##### RECORDS PROVIDED #####

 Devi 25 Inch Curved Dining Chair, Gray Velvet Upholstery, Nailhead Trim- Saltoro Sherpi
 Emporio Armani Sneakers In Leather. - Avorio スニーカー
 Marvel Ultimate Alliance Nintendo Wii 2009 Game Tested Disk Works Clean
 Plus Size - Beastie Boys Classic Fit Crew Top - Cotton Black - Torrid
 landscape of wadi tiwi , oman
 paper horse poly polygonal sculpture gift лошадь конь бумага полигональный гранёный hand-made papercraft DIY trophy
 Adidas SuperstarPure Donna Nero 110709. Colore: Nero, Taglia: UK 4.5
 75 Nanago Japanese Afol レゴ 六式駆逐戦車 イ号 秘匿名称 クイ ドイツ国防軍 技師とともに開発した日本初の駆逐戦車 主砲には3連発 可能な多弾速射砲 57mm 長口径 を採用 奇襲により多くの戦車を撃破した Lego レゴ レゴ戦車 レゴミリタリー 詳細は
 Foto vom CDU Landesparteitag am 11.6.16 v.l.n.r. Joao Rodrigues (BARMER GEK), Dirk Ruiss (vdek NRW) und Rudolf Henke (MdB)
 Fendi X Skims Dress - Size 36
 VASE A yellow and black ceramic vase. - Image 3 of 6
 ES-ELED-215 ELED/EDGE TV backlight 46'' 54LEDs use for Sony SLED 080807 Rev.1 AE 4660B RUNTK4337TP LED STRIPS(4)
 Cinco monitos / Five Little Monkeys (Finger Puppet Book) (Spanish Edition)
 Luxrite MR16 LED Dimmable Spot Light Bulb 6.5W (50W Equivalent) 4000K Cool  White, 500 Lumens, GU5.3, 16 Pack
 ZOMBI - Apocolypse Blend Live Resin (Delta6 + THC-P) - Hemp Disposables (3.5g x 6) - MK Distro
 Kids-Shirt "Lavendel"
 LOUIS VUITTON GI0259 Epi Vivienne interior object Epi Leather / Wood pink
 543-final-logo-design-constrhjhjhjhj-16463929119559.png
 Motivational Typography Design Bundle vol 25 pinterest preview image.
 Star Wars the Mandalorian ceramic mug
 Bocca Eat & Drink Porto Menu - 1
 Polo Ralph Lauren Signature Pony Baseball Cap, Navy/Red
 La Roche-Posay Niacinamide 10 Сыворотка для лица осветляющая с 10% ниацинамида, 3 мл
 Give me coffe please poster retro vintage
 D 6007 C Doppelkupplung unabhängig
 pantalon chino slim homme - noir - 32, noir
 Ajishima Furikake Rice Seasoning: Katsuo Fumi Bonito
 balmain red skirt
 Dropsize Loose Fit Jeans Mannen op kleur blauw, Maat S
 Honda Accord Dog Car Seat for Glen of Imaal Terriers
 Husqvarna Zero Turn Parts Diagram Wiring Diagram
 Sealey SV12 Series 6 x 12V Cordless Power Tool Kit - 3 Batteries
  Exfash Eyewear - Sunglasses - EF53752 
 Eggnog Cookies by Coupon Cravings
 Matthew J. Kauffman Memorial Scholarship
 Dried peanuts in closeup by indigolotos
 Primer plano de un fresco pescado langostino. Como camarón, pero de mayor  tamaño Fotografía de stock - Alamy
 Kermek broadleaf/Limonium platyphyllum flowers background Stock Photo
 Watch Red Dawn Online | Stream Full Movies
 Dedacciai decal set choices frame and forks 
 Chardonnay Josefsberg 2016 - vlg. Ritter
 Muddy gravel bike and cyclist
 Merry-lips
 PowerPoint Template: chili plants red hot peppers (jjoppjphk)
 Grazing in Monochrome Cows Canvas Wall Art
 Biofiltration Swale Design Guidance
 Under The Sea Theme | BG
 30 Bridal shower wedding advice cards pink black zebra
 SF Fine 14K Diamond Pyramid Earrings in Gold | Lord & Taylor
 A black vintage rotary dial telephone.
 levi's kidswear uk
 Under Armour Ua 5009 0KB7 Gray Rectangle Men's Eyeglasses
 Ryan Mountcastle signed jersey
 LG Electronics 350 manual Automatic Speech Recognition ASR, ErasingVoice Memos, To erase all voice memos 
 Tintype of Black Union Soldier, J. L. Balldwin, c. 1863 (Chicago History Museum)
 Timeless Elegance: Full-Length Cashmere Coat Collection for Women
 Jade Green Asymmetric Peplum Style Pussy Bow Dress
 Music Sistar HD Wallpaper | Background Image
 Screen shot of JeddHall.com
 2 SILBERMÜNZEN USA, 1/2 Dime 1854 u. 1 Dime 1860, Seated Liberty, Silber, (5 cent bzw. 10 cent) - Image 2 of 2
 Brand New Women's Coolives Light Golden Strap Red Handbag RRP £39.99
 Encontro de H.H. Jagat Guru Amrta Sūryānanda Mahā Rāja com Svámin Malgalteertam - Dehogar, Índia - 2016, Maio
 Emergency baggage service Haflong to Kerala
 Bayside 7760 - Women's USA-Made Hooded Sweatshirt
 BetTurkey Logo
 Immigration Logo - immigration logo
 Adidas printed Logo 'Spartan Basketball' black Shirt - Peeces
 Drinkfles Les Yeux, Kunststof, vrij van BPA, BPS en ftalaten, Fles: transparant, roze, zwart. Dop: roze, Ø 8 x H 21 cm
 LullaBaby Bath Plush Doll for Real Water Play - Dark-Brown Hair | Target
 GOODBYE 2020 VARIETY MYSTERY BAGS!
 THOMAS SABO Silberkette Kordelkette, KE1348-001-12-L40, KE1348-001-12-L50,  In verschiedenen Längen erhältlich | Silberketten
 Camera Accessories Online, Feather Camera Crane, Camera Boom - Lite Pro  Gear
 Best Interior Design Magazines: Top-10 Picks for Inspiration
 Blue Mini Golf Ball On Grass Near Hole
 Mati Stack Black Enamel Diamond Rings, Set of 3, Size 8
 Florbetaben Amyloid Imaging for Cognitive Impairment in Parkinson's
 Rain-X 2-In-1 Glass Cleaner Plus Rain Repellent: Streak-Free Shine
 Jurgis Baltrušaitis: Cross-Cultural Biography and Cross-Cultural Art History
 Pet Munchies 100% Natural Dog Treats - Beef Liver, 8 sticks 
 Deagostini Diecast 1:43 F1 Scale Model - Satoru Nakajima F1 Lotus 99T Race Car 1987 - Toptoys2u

#####

▶ WORK TO BE COMPLETED
Only the lines from the first one of the listing up to and including the line where "pantalon chino slim homme - noir - 32, noir" appears are wanted, reproduced exactly.

▶ REPLY
 Devi 25 Inch Curved Dining Chair, Gray Velvet Upholstery, Nailhead Trim- Saltoro Sherpi
 Emporio Armani Sneakers In Leather. - Avorio スニーカー
 Marvel Ultimate Alliance Nintendo Wii 2009 Game Tested Disk Works Clean
 Plus Size - Beastie Boys Classic Fit Crew Top - Cotton Black - Torrid
 landscape of wadi tiwi , oman
 paper horse poly polygonal sculpture gift лошадь конь бумага полигональный гранёный hand-made papercraft DIY trophy
 Adidas SuperstarPure Donna Nero 110709. Colore: Nero, Taglia: UK 4.5
 75 Nanago Japanese Afol レゴ 六式駆逐戦車 イ号 秘匿名称 クイ ドイツ国防軍 技師とともに開発した日本初の駆逐戦車 主砲には3連発 可能な多弾速射砲 57mm 長口径 を採用 奇襲により多くの戦車を撃破した Lego レゴ レゴ戦車 レゴミリタリー 詳細は
 Foto vom CDU Landesparteitag am 11.6.16 v.l.n.r. Joao Rodrigues (BARMER GEK), Dirk Ruiss (vdek NRW) und Rudolf Henke (MdB)
 Fendi X Skims Dress - Size 36
 VASE A yellow and black ceramic vase. - Image 3 of 6
 ES-ELED-215 ELED/EDGE TV backlight 46'' 54LEDs use for Sony SLED 080807 Rev.1 AE 4660B RUNTK4337TP LED STRIPS(4)
 Cinco monitos / Five Little Monkeys (Finger Puppet Book) (Spanish Edition)
 Luxrite MR16 LED Dimmable Spot Light Bulb 6.5W (50W Equivalent) 4000K Cool  White, 500 Lumens, GU5.3, 16 Pack
 ZOMBI - Apocolypse Blend Live Resin (Delta6 + THC-P) - Hemp Disposables (3.5g x 6) - MK Distro
 Kids-Shirt "Lavendel"
 LOUIS VUITTON GI0259 Epi Vivienne interior object Epi Leather / Wood pink
 543-final-logo-design-constrhjhjhjhj-16463929119559.png
 Motivational Typography Design Bundle vol 25 pinterest preview image.
 Star Wars the Mandalorian ceramic mug
 Bocca Eat & Drink Porto Menu - 1
 Polo Ralph Lauren Signature Pony Baseball Cap, Navy/Red
 La Roche-Posay Niacinamide 10 Сыворотка для лица осветляющая с 10% ниацинамида, 3 мл
 Give me coffe please poster retro vintage
 D 6007 C Doppelkupplung unabhängig
 pantalon chino slim homme - noir - 32, noir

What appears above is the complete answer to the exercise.